The study demonstrated that it was possible to predict BPD at birth by applying AI to analyse unique multivariate datasets combining clinical data and FTIR spectral data of GAS. Further development and validation of the predictive BPD algorithm is planned including data aggregation, blind testing and clinical studies.


Items

  • 1. A computer-implemented method for predicting a risk of an infant developing bronchopulmonary dysplasia (BPD), the method comprising the steps of:
    • obtaining a dataset, of the infant, comprising
      • clinical data;
      • lung maturity data; and
      • gastric aspirate (GAS) data;
    • analysing said dataset, thereby obtaining an analysed data result; and
    • based on said analysed data result predicting the risk of the infant developing BPD.
  • 2. The computer-implemented method according to any one of the preceding items, wherein the analysed data result is obtained by analysing the dataset by a trained machine learning model.

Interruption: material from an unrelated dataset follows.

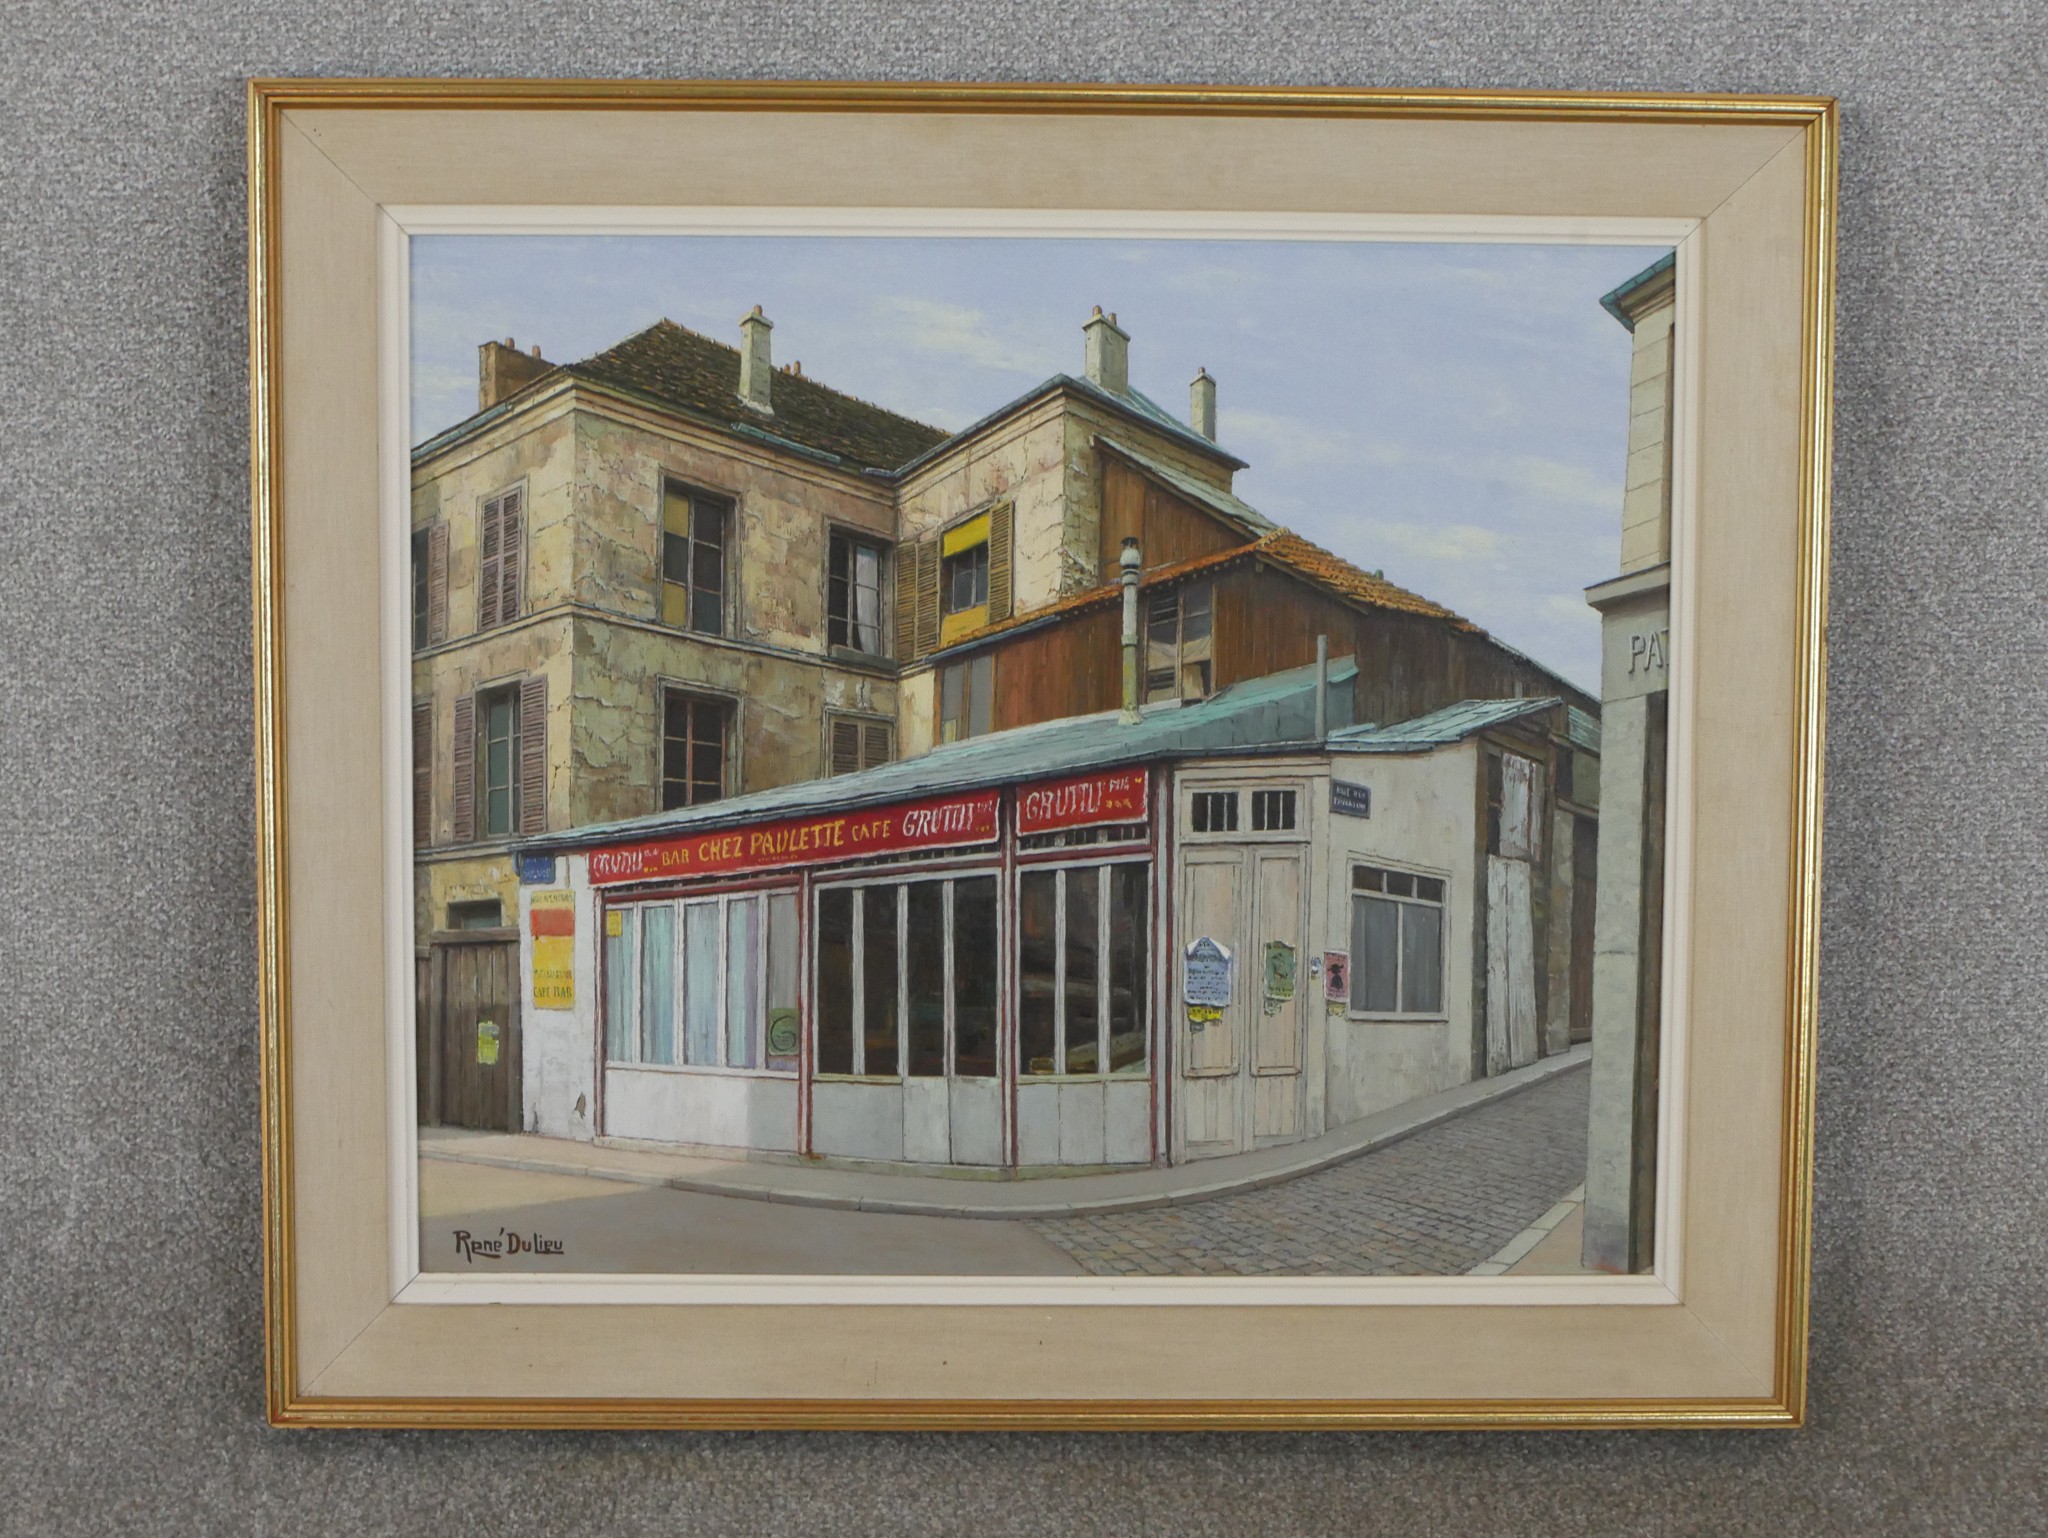 Rene Dulieu (20th Century French), Bar Chez Paulette 1974, oil on canvas, signed lower left, bearing - Image 2 of 8

  • 3. The computer-implemented method according to any one of the preceding items, wherein the infant is a preterm born infant, such as an infant born before 37 weeks of pregnancy are completed.
  • 4. The computer-implemented method according to any one of the preceding items, wherein the dataset comprises or consists of data obtained within 48 hours after birth, preferably within 36 hours after birth.
  • 5. The computer-implemented method according to any one of the preceding items, wherein the clinical data comprises or consists of data, of the infant, selected from the list including birth weight, gestational age, if the infant has been diagnosed with RDS and/or the severity of RDS.
  • 6. The computer-implemented method according to any one of the preceding items, wherein the lung maturity data is data indicative of the maturity of the lungs of the infant, and/or an indicator representing whether the infant has been given, or is to be given, surfactant treatment or not, or a combination thereof.
  • 7. The computer-implemented method according to any one of the preceding items, wherein the lung maturity data, is derived from, such as comprises or consists of, spectroscopy data, such as mid-infrared spectroscopy data, for assessment of lung maturity.
  • 8. The computer-implemented method according to any one of the preceding items, wherein the lung maturity data is indicative of the lecithin-sphingomyelin ratio.
  • 9. The computer-implemented method according to any one of the preceding items, wherein the lung maturity data is obtained, non-invasively, by spectroscopic analysis of GAS sample(s), such as mid-infrared spectroscopic analysis.
  • 10. The computer-implemented method according to any one of the preceding items, wherein the lung maturity data is derived from measurement data of a bodily fluid sample, comprising GAS, pharyngeal secretion and/or amniotic fluid.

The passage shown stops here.